1. Einleitung
Wir glauben, dass es möglich ist, trotz beruflichem Stress, Eingebundenheit in familiäre Beziehung und gesellschaftliche Anforderung, mehr mit anderem Menschen zu teilen, als üblich.
Das Stadtwohnzimmer ist Ausdruck unseres Wunsches nach Gemeinschaft, nach Beziehungen und das Bezogensein auf einen sozialen Kontext. Wir haben erlebt, dass sich menschen begegnen können, ihr Leben, ihre Freizeit und ihre Visionen miteinander teilen können. Und wir haben bei allen Konflikten und Schwierigkeiten, welche so etwas mit sich bringt eine Menge Spass in den letzten drei Jahren gehabt.
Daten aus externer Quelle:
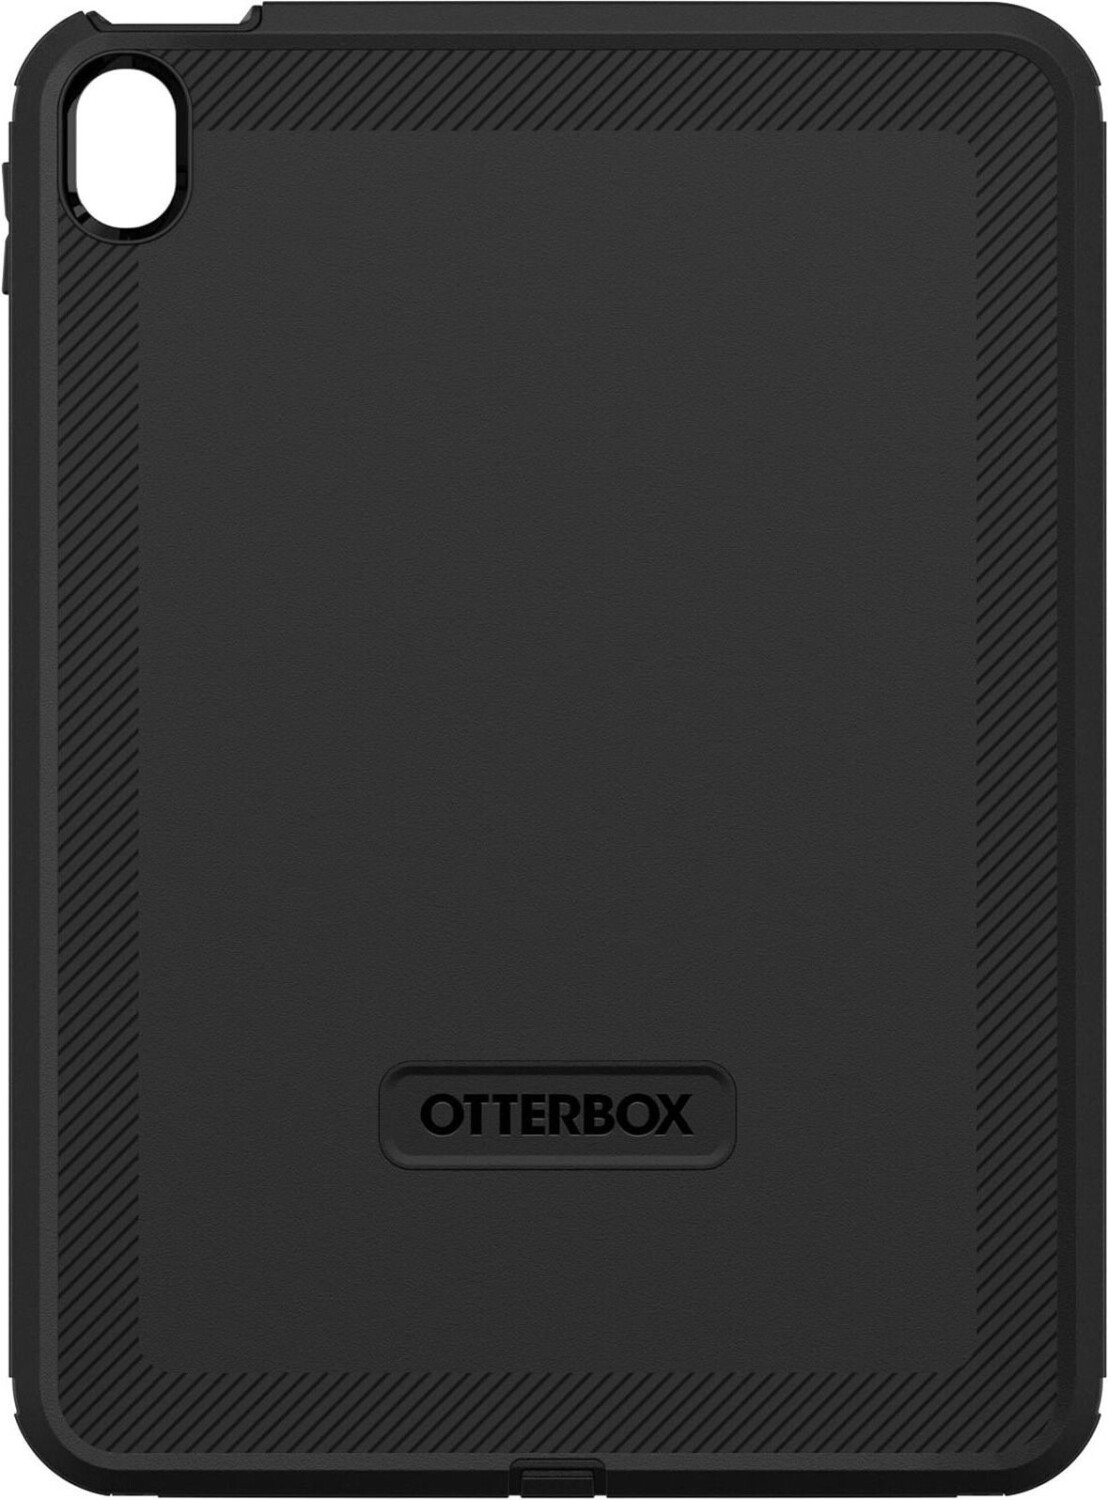 OtterBox Defender iPad 10th gen schwarz - Pro Pack (77-89955)

2. Gesellschaftliche Veränderungen
Was wir miteinander teilen und erleben wollen wir nicht für uns behalten. Wir arbeiten gemeinsam an einem Lebensstil, welcher eine Antwort gibt auf die postmodernen Herausforderungen. Wir suchen nach einer Alternative zwischen kapitalistischer Wertorientierung der Wirtschaftlichkeit und Linkspolitischer Sozialromantik. Wir wissen uns sozialistischer Grundideen verpflichtet, welche uns in erster Linie in unserem Denken und Handeln in der Weise prägen, dass für uns soziale Bedürfnisse des Menschen immer vorrangig vor wirtschaftlicher Effektivität gelten. Wir möchten Stück für Stük mehr miteinander teilen ohne in rigide kommunitäre Konzepte zu verfallen. Uns prägt der Optimismus, dass Gesellschaft verändert werden kann und auch werden wird. Und zwar alternativ zu einer fortschreitenden Rationalisierung, Entideologisierung und zunehmender Verwirtschaftlichung.
2. Spiritualität
Wir wenden uns gegen jegliche Form von Materialisierung unseres Lebens. Sowohl vonseiten radikal kapitalistischer Gedanken, als auch vonseiten materialistischer kommunistischer Ideologien. Kommunitäres Leben, soziale Gerechtigkeit und gesellschaftliche Teilhabe ist für uns ohne eine Verwurzelung in ein spirituelles Leben nicht denkbar. Dabei achten respektieren und ehren wir die Unterschiedlichkeit spiritueller Konzepte sofern sie sich fernab von jeglichen Fundamentalismen befinden.